E celebra il lavoro duro, di contadini e artigiani. Di questi ultimi ne restano ancora. Si trovano botteghe ormai rare altrove nella città più proiettata verso il futuro e verso l'estero d'Italia. Qui c'è ancora il "materassaio". 

IL PARCO DELLE CAVE http://parcodellecave.it/
Sono poi uscita dal quartiere di Baggio Vecchia per andare a fare una passeggiata nel famoso Parco delle Cave, uno dei polmoni verdi più importanti di Milano, che colpisce per le sue dimensioni e per la natura che verdeggia e fiorisce, soprattutto a primavera, tra i suoi laghi meravigliosi: non sembra nemmeno di essere a Milano!



Ancora quando non si parlava di Parco le attività estrattive di ghiaia e sabbia iniziate negli anni ’20 formarono i famosi laghetti chiamati Cave, da cui il nome. 



Sull’area c’è ancora attiva l’attività agricola svolta presso la Cascina Caldera dall’Azienda Agricola Caldera che da oltre 50 anni lavora i terreni attorno alla Cascina Linterno e nel Parco delle Cave mantenendo attive anche le preziose marcite. L’idea di creare il parco nacque negli anni 70 e il Comune di Milano cominciò ad interessarsi per iniziare il risanamento dell’area. Ma solo negli anni 2000 il Parco diventa quello che è oggi, un orgoglio pe Baggio.

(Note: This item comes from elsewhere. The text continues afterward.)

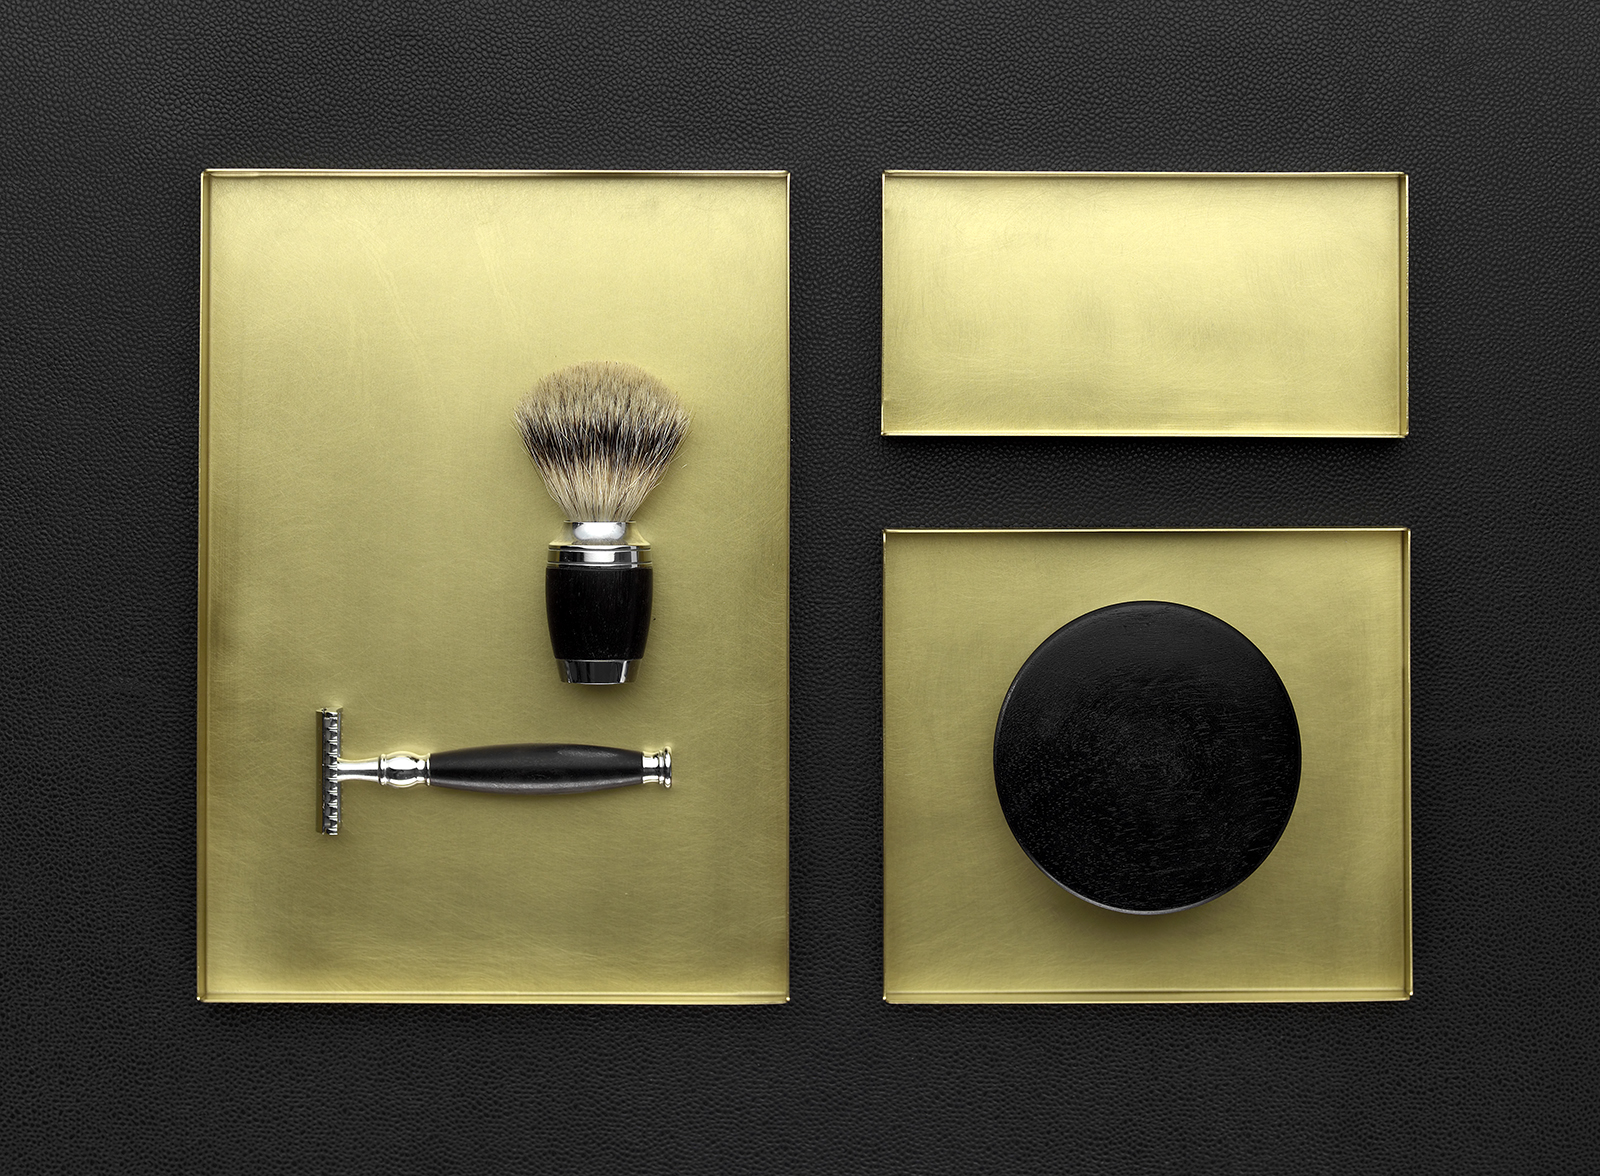 Fotograf Werbefotografie Studio Oberfranken juno_tablets ismael conde ruiz silversmith

Nel Parco delle Cave si trovano due cascine di grande interesse storico-culturale: la Cascina Linterno, del XII secolo, luogo di grande pregio monumentale e la Cascina Caldera che risale al 1500 e che ha subito lavori di ampliamento e miglioria nel 1843. Alcune specie animali hanno saputo trarre un notevole vantaggio da questi insediamenti. Il Barbagianni e la Civetta sono predatori notturni che utilizzano gli edifici rurali per nidificare e i dintorni per procurarsi il cibo.


Prato fiorito al Parco delle Cave

Primavera al Parco

 Finisco il mio giro di Baggio al Monastero degli Olivetani, oggi sede dei Vigili:

Il Monastero
E torno alla Chiesa Vecchia, da cui ero partita, scattando ancora fotografie per ricordare Baggio e per invogliare tutti ad andare a farci un giro. Curiosando anche tra i locali caratteristici, come L'osteria alla Grande http://www.osteriaallagrande.com/, dove il proprietario ha raccolto tutta una serie di oggetti della ristorazione antichi che mi hanno ricordato il Museo Guatelli qui a Parma:


Interno del locale


Oggetti da collezione
 Magari ci andate in bicicletta, dato che a Baggio la bicicletta è celebrata e nel parco ci sono percorsi ciclabili adatti a tutti. Tutto è decorato, colorato... i baggesi hanno davvero a cuore la rivalutazione del loro quartiere, che è più un paese che un quartiere, un paese in città.


La scuola Secondaria Primo Levi, decorata all'esterno

Maiolica con bici in rilievo


Fuori dalla trattoria
Qui la famosa Trattoria Fà Ballà l'oeucc, https://www.trattoriafaballaloeucc.it/, 
in Via Pistoia 19. Tipica cucina milanese. Locale storico. All'ingresso un segno di civiltà: sotto al dipinto di Baggio, un vaso per buttare i mozziconi di sigaretta!